Всё ясно, скоро прибудут. Осталось только накрыть голубушек. Но в квартире ждать опасно, они могут и не одни заявиться. Если вообще они вместе, конечно.
Да вместе, вместе. Меня чутьё ни разу не подвело за опасную и многотрудную жизнь. Даже если и ошибаюсь, Лёка по-любасу знает, где сестричка кантуется.
Я отогнал «короллку» за газгольдер, нашел в приемнике спокойный музон и приготовился ждать, сколько надо. Классическая музыка меня не усыпляет, как многих мужиков, и на словах «Третья симфония Брамса» я не начал лихорадочно тыкать пальцами кнопки, а прибавил звук. Хорошо думать под такое.
И я в который раз задумался о шутках генетики. Ведь мои родители – алкаши и бездельники невесть в каком поколении. Бабка, правда, ничего была, но тоже необразованная, три обязательных класса оттарабанила и подалась в вечные уборщицы.
В доме нашем постоянный срач царил. А я свою постель по линеечке заправлял.
 Ещё до школы выпросил себе отдельный комод под вещи. Врезал замки в каждый ящик, чтоб не шарились родители, и всё богатство своё там хранил.
Когда первую хату подломил, знаете, что сразу же в мешок сунул? Утюг!
Родители про такой мудрёный прибор, похоже, и не ведали, а я всегда мечтал ходить в наглаженной рубашке и брюках со стрелками.
 Ещё в моём комоде лежала стопка пластинок с классической музыкой и даже опереттами. В родную квартиру проигрыватель тащить было бесполезно – пропьют на второй день папуля с мамулей, но я подружился с соседом из третьего подъезда, инвалидом войны. Бегал для него в магазин за творогом и хлебом, а потом мы вместе  слушали прекрасную музыку на моих пластинках и советские шлягеры с  голубых листочков журнала «Кругозор». 
 Я смахнул сентиментальную слезу и вгляделся в окрестности.
 Машины проезжали одна за другой, выплёвывая и глотая пассажиров.
 Лёка должна причапать пешком с остановки или на такси подъехать.
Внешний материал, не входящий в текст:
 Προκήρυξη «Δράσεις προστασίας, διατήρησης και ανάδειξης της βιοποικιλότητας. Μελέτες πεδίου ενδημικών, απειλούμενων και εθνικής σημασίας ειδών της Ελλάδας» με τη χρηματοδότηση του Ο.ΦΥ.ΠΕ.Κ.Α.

А такси сейчас – хрен проссышь, что такси! На половине нет магнитки с шашечками. Значит, на все машины надо поглядывать, белую синтетическую шевелюру высматривать – бр-р-р.
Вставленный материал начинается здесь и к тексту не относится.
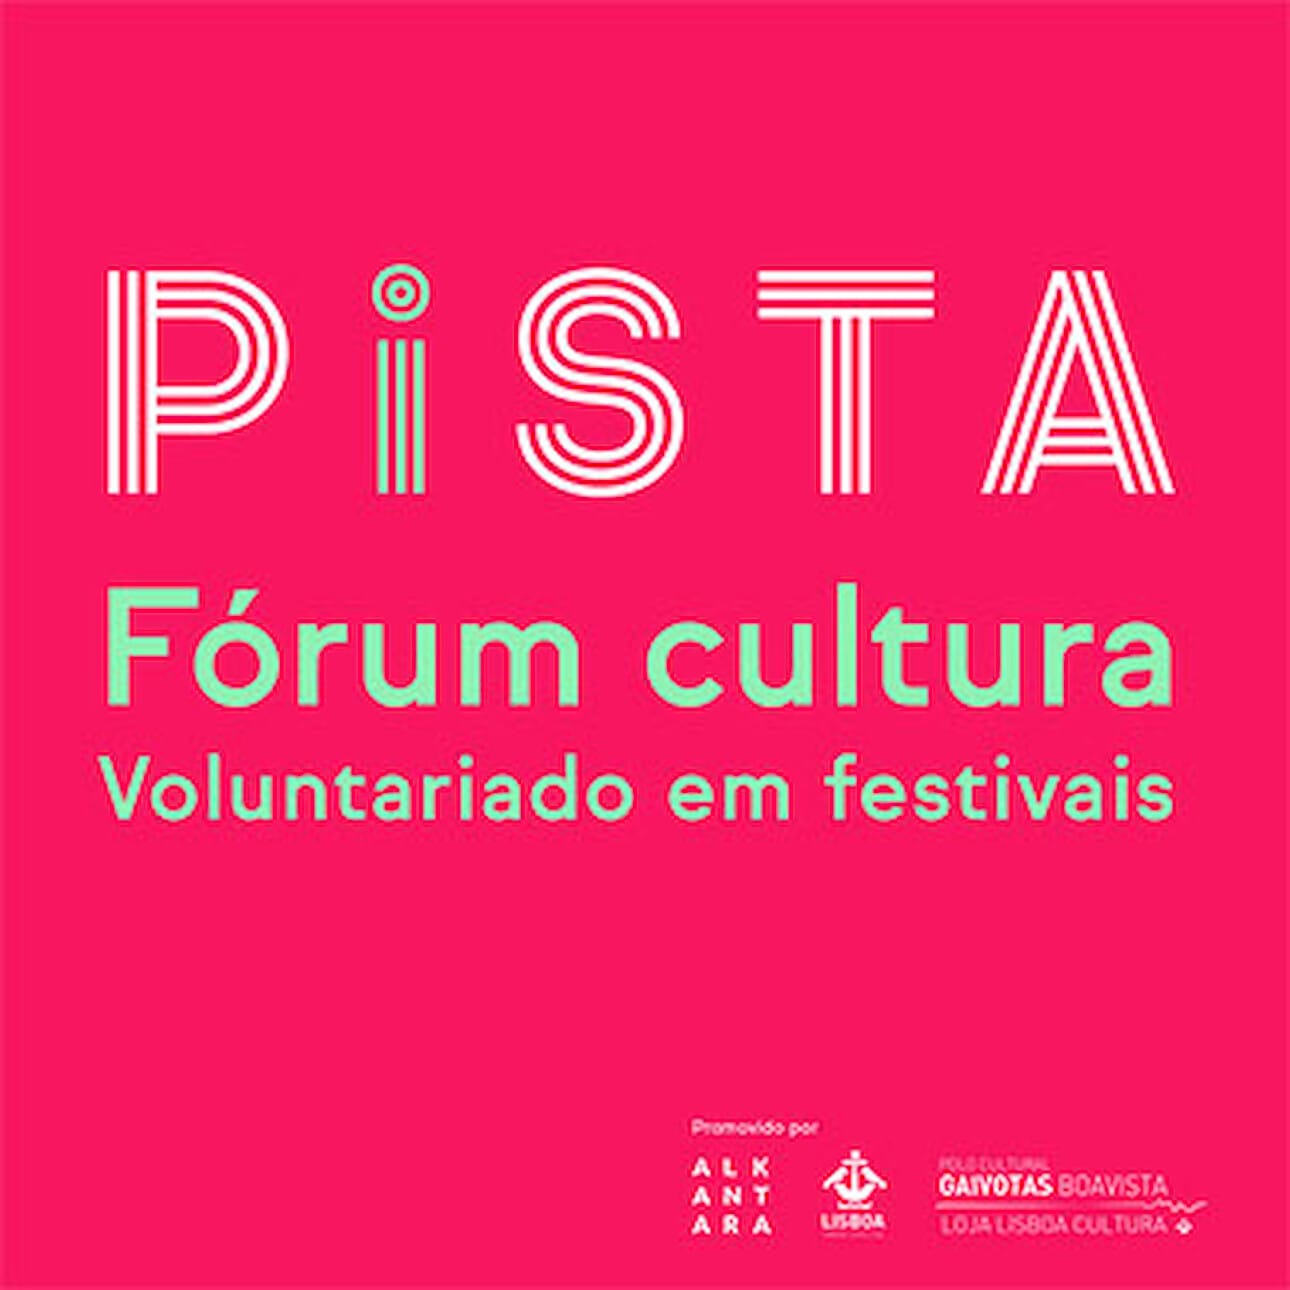 ALKANARA - Fórum Cultura: Voluntariado em festivais

То ли дело Нинка моя! Вроде и луплю её, а ни одного седого волоса. И мысли шальной нет, чтоб перекраситься.
Я удивился вдруг шевельнувшейся в душе гордости. И вправду, Нинка моя лучше многих. А уж если откровенно, другую вообще не хочу. Давным-давно, когда она  беременная Ванькой ходила, я пользовал для разрядки молодых длинноногих девиц, но от них только тоска разбирала. Чуть импотентом не заделался!
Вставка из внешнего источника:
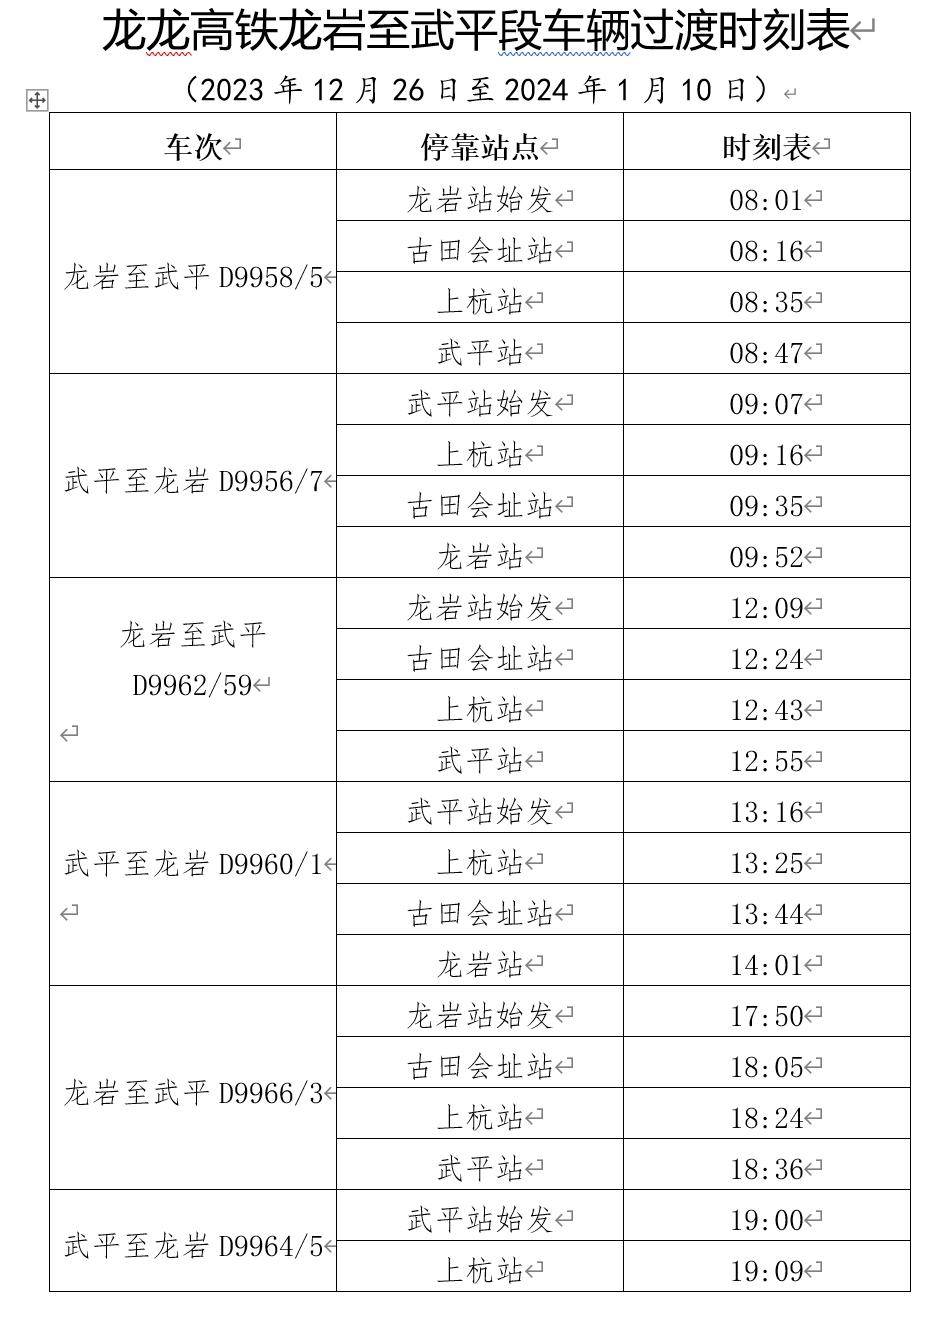 备注:根据南昌铁路局安排,龙龙高铁龙武段12月26日至2024年1月10日

 У Нинки глаза фиолетовым светятся, а грудь и без силикона на чашечку похожа. Характер пожёстче, цены б ей не было!
Моя маманя, бывало, чуть что – за сковородку и по башке. Нинка бы меня ещё тогда отоварила, когда я ей первый раз нос разбил, после десять раз бы подумал, прежде чем вымещать на ней плохое настроение.
 Тяжёлая у меня работа, нервная, с возрастом все чаще срываюсь. Могу, конечно, взамен на грудь принимать, но не хочу херить репутацию, да и не люблю.
Такси! «Девятка» с белой головой в салоне! Внимание, нет ли рыжей рядышком? Одна. Каблуки в полметра, Лёка такие только и таскает. Чтоб ей ноги переломало! Шмыгнула в соседний подъезд, значит, не Леокадия.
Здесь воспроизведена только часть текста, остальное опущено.